From the direction of the Cutlass, Dorn heard his mother's voice, but she was not calling out to him. She was talking with someone. When he heard a man reply to her, Dorn stepped back into the filthy alley. Across the dark street, he saw them clearly, but with their feeble human eyes, they couldn't see him.
The man drew Dorn's mother along by the arm. "If the boy has any sense, he took one look at the Cutlass and ran back to the gate."
"I'm afraid he has his father's brains as well as his looks." She laughed the same way she had while serving supper to the caravan guards. "I'm sure he went to the Cutlass."
"He's as ugly as you say, someone would have remembered him. You should come with me, spend the night at my place. Look for your whelp by daylight."
"I can't leave him," she said. "He was raised among orcs. He knows their savage ways, but here in the city, he's useless."
"He'll be fine," said the man as they passed the alley where Dorn stood among the dead. "For tonight, think of yourself. You need rest, and I have a nice, soft bed at home."

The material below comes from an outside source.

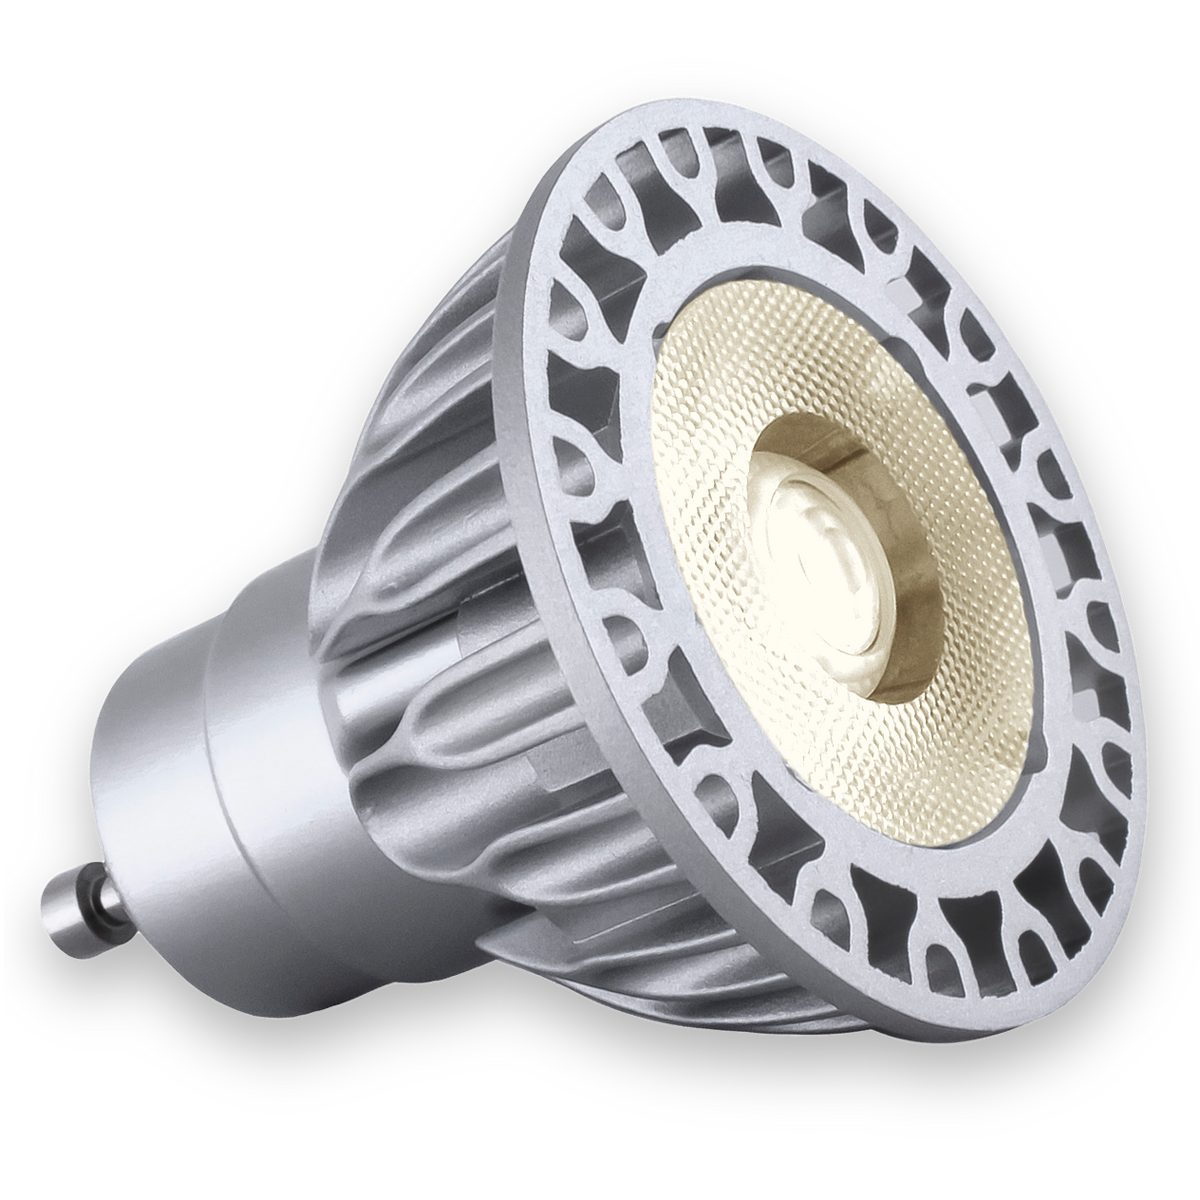 Soraa LED-Leuchtmittel Soraa Vivid 3 MR16 GU10 - Vollspektrum LED - 7.5Watt, 36°, GU10, Warmton - wie Glühlampe, Vollspektrum LED mit CRI 95 R9 - dimmbar
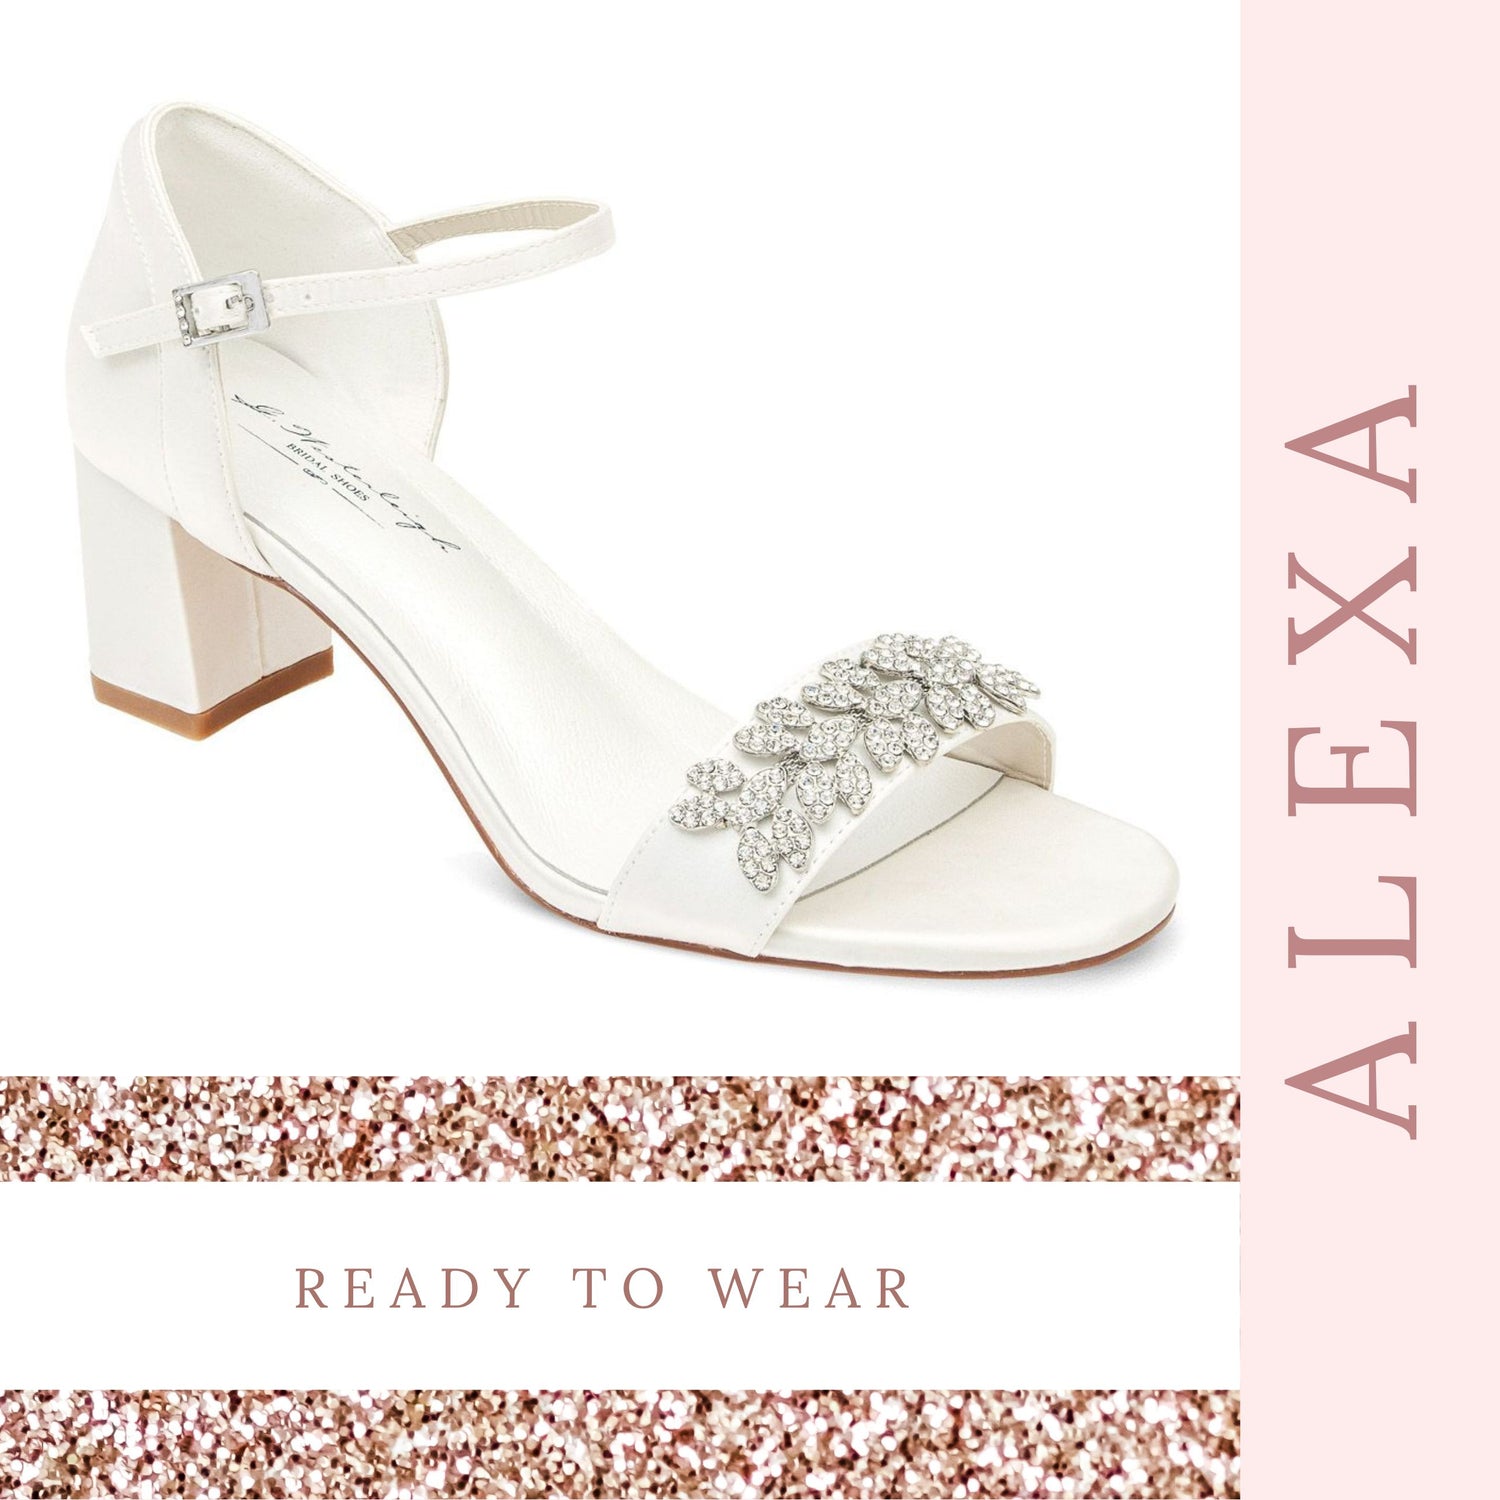 alexa-wedding-shoes

"I don't know..." she said, but Dorn knew that cozening tone. She would do as the man asked.
He could step out of the shadows and reveal himself. Armed, he could frighten off the man with his mother. He could kill him easily. He could share the money he had taken with his mother, but he knew that was the same as picking her up to carry her again.
Dorn waited until he could no longer see them on the street before he left the alley and walked along the waterfront. Men stepped out of his way at the first glimpse of his bulky form and the blades swinging from his hips. Even drunk, they knew Dorn was dangerous. In their faces, Dorn saw himself for what he was: an orc, not a child but a man, one who didn't need to ingratiate himself with these civilized men.
He wouldn't carry his mother any more. Without her in his arms, Dorn knew he was stronger.